The original OPTICS-algorithm also takes an additional parameter $\varepsilon > 0$. However this is only needed to reduce the time complexity and is ignored in our discussion for now — to be more precise, we implicitly set $\varepsilon = \infty$.

### Definitions

Let $(X,d)$ be a finite discrete metric space and $m \in \mathbb{N}$ a positive integer. We define the **(co-)density $\delta_m(x)$ of a point $x$** by \[ \delta_m(x) := d(x, \mathfrak{nn}_m(x) ), \] where $\mathfrak{nn}_m(x) $ is an $m$-nearest-neighbor of $x$. Loosely speaking: the lower the value $\delta_m(x)$ the closer the neighbors of $x$ are distributed around $x$. Note that with $\varepsilon = \delta_m(x)$ the point $x$ is a *core point* in the sense of [2] — in a previous post about DBSCAN we called such a point *$\varepsilon$-dense*. That is why in the literature $\delta_m(x)$ is referred to as **core-distance**. I however like to think of it, and hence refer to it, as a notion of co-density.

Given the co-density $\delta_m(.)$ we can define the **reachability distance $r_x(y)$ of $y$ from $x$** by \[ r_x(y) := \text{max} \big\{ \delta_m(x), d(x,y) \big\}. \] Note that $r_x(y)$ is not symmetric, since the density of $x$ and $y$ may differ.

### Sketch of the algorithm

Choose a starting point $x_0 \in X$. Then we can iteratively define a filtration $X_0 \subset \ldots \subset X_n$ of the data set $X$ by \[ X_0 := \{ x_0 \} \ \ \text{and} \ \ X_{k+1} := X_k \cup \{ x_{k+1} \}, \] where $x_{k+1}$ minimizes $r_{X_k}(.)$ over $X \setminus X_k$. In parallel we define a sequence $(r_n)$ of distances by \[ r_0 = 0 \ \ \text{and} \ \ r_{k+1} := r_{X_k}(x_{k+1}). \] Note that a small distance $r_k$ may be understood as $x_k$ being close to a rather dense region. Therefore the filtration tries to stay in dense regions for as long as possible, before it passes a less dense region. The cluster structure can now be extracted by analyzing the *reachability-plot*, that is a $2$-dimensional plot, with the ordered $x_k$ on the $x$-axis and the associated distances $r_k$ on the $y$-axis. By the above considerations it should be clear that clusters show up as valleys in the reachability plot. The deeper the valley, the denser the cluster.

### Example

Consider the data points $X\subset \mathbb{R}^2$ in the euclidian plane given in the following figure:

Below you see the reachability plot corresponding the OPTICS-algorithm applied to the above data set with $m=4$. The starting point is chosen among the group of points on the left.

### References

**[1]** M. Ankerst, M.M. Breunig, H.-P. Kriegel, *OPTICS: Ordering Points To Identify the Clustering Structure*, ACM SIGMOD international conference on Management of data (1999), pp 49–60.

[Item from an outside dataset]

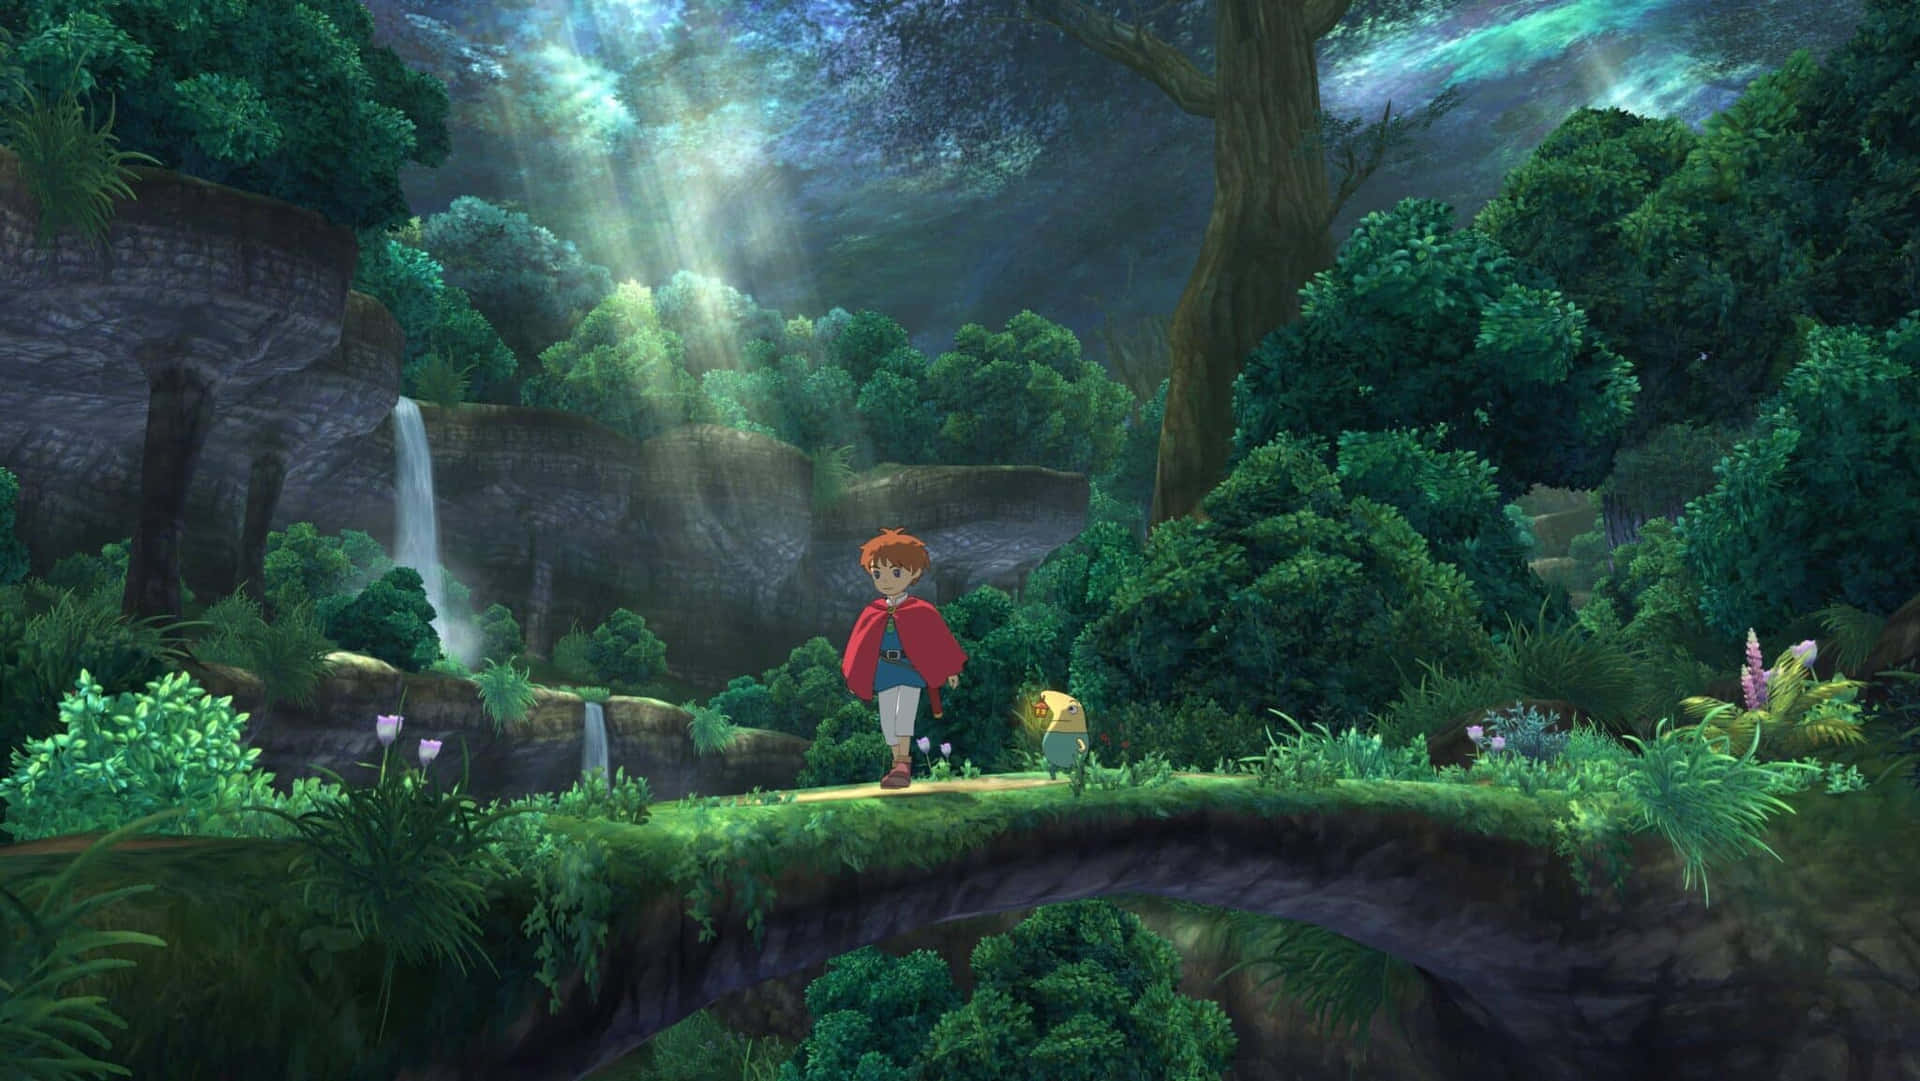 Enchanted Forest Bridge Ghibli Scene Wallpaper

**[2]** M. Ester, H.-P. Kriegel, J. Sander, and X. Xu, *A density-based algorithm for discovering clusters in large spatial databases with noise*, Proceedings of the Second International Conference on Knowledge Discovery and Data Mining (1996), pp. 226–231.

Dear Mirko,

this is very interesting again.

I have one question or thought about the reachability and the filtration. If I were to implement that algorithm, my intuition would tell me “let’s try to define the core-distance/co-density with respect to X_k instead of X”. Because this way the algorithm would prefer to extend the filtration on those points which are dense in X_k (instead of dense in X). I think it would be interesting to see what difference that makes.

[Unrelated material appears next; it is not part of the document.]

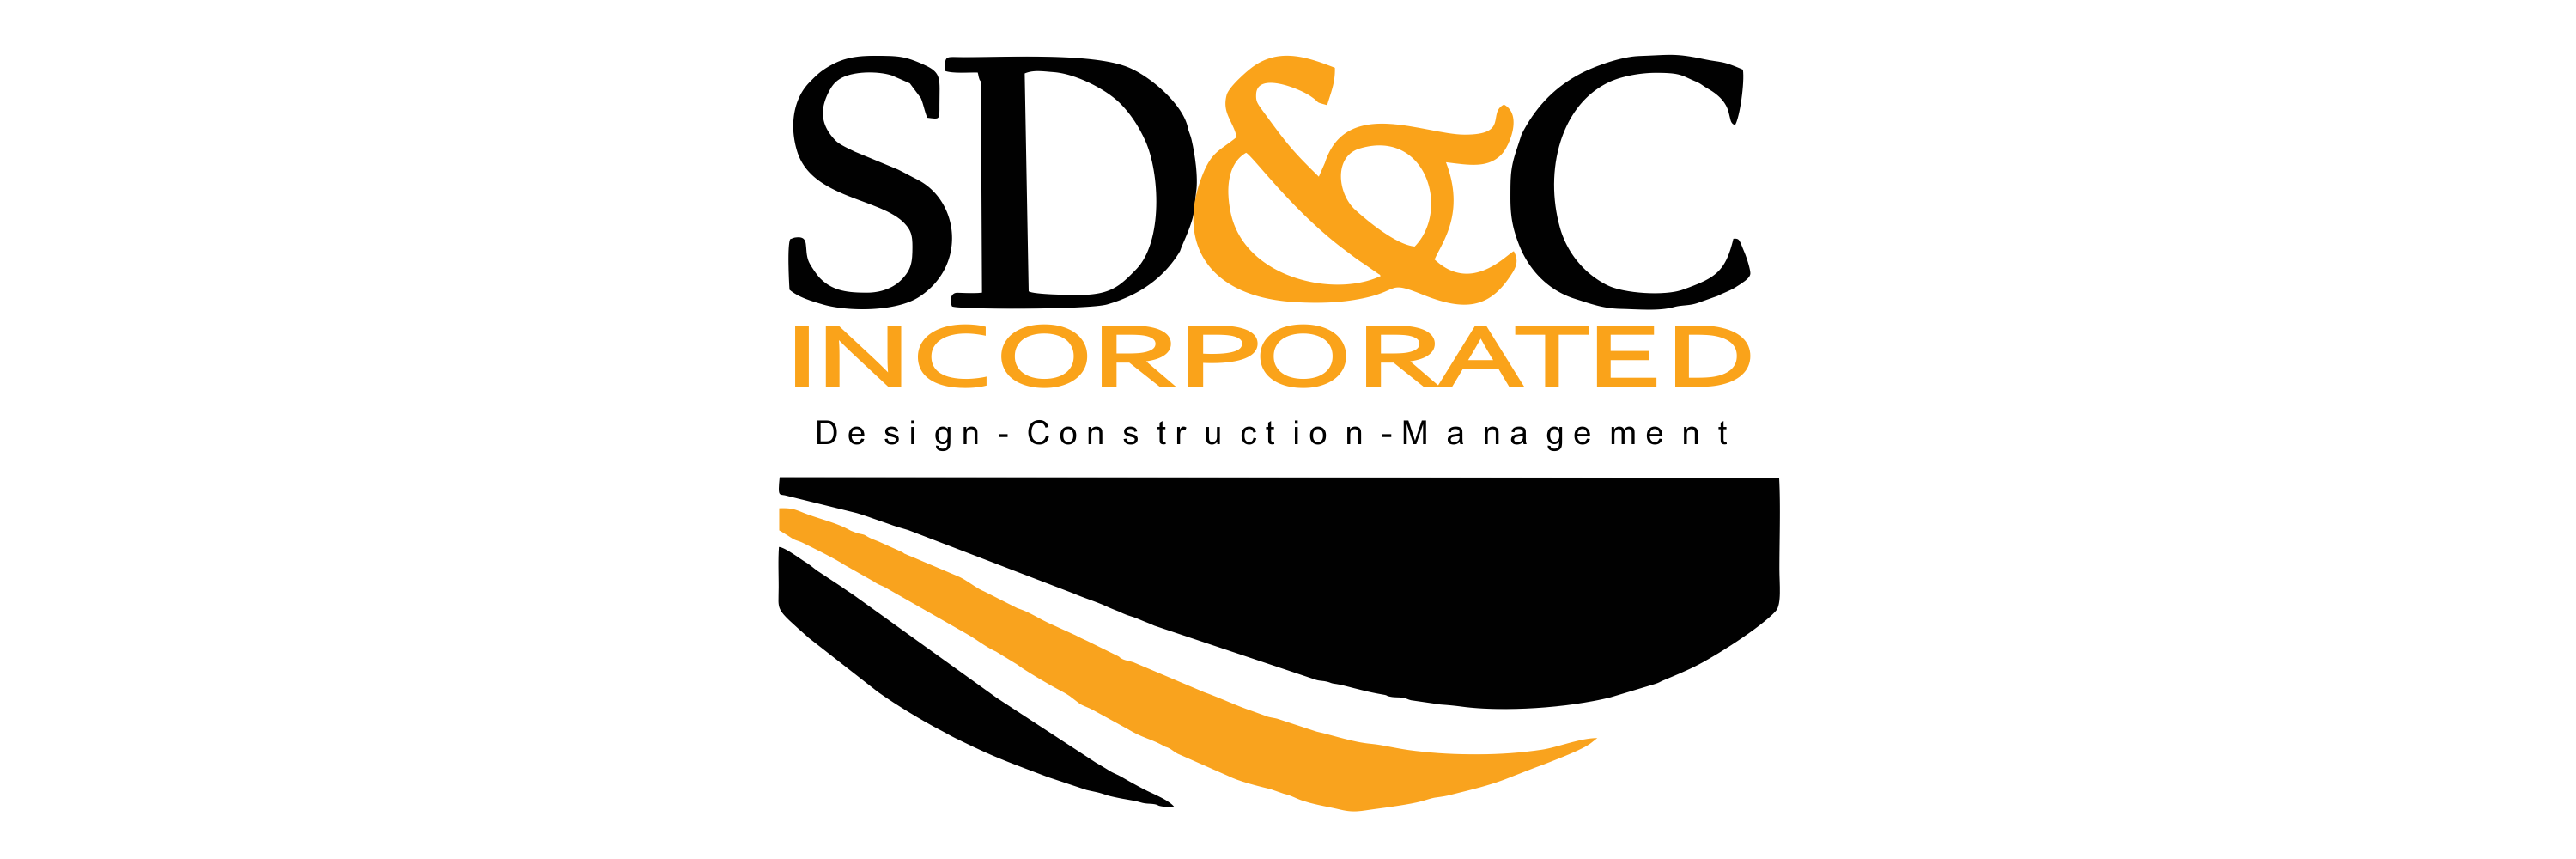 SD&C Construction Services

To me that would have been a more natural choice at first, but the longer I think about it I am already reconsidering. My variation of the algorithm would probably not have the ability (or ‘tendency’) to drift to more dense regions if it started in a sparse region. That would seem to be the main difference. Ok, not a real question after all..

But very interesting post again, I enjoy reading your blog.